ASSIGNED TASK.
With the line containing "iPhone / EAZY" as the start and the line containing "X Jornada de" as the end, transcribe that span of the entries below exactly, including both.

===

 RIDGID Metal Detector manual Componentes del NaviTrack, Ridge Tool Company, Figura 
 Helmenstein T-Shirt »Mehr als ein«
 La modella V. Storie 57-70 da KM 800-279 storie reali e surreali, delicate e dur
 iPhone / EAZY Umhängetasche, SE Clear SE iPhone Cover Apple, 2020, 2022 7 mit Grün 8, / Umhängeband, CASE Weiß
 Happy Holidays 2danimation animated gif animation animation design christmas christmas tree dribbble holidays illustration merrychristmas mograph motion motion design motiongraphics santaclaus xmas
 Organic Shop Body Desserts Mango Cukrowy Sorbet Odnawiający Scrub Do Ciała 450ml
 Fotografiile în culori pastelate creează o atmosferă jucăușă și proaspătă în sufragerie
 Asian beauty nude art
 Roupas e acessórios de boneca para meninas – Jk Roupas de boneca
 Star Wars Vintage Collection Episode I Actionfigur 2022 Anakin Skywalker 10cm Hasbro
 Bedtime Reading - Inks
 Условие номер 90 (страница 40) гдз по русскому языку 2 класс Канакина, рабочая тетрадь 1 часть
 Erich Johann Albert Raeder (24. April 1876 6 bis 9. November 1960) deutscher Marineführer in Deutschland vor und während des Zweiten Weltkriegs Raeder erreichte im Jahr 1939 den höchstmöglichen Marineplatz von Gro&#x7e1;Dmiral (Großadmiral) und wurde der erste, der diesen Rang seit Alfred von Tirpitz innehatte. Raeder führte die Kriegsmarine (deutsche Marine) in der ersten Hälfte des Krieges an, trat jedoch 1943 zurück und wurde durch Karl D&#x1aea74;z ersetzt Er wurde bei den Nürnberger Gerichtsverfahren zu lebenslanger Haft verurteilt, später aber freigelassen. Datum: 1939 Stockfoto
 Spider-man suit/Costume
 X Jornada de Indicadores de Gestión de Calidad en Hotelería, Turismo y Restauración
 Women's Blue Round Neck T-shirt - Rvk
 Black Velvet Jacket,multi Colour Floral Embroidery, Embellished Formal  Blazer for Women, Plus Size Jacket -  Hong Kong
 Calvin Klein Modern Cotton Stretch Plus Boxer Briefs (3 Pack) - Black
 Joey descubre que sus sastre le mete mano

===

WRITTEN SOLUTION.
 iPhone / EAZY Umhängetasche, SE Clear SE iPhone Cover Apple, 2020, 2022 7 mit Grün 8, / Umhängeband, CASE Weiß
 Happy Holidays 2danimation animated gif animation animation design christmas christmas tree dribbble holidays illustration merrychristmas mograph motion motion design motiongraphics santaclaus xmas
 Organic Shop Body Desserts Mango Cukrowy Sorbet Odnawiający Scrub Do Ciała 450ml
 Fotografiile în culori pastelate creează o atmosferă jucăușă și proaspătă în sufragerie
 Asian beauty nude art
 Roupas e acessórios de boneca para meninas – Jk Roupas de boneca
 Star Wars Vintage Collection Episode I Actionfigur 2022 Anakin Skywalker 10cm Hasbro
 Bedtime Reading - Inks
 Условие номер 90 (страница 40) гдз по русскому языку 2 класс Канакина, рабочая тетрадь 1 часть
 Erich Johann Albert Raeder (24. April 1876 6 bis 9. November 1960) deutscher Marineführer in Deutschland vor und während des Zweiten Weltkriegs Raeder erreichte im Jahr 1939 den höchstmöglichen Marineplatz von Gro&#x7e1;Dmiral (Großadmiral) und wurde der erste, der diesen Rang seit Alfred von Tirpitz innehatte. Raeder führte die Kriegsmarine (deutsche Marine) in der ersten Hälfte des Krieges an, trat jedoch 1943 zurück und wurde durch Karl D&#x1aea74;z ersetzt Er wurde bei den Nürnberger Gerichtsverfahren zu lebenslanger Haft verurteilt, später aber freigelassen. Datum: 1939 Stockfoto
 Spider-man suit/Costume
 X Jornada de Indicadores de Gestión de Calidad en Hotelería, Turismo y Restauración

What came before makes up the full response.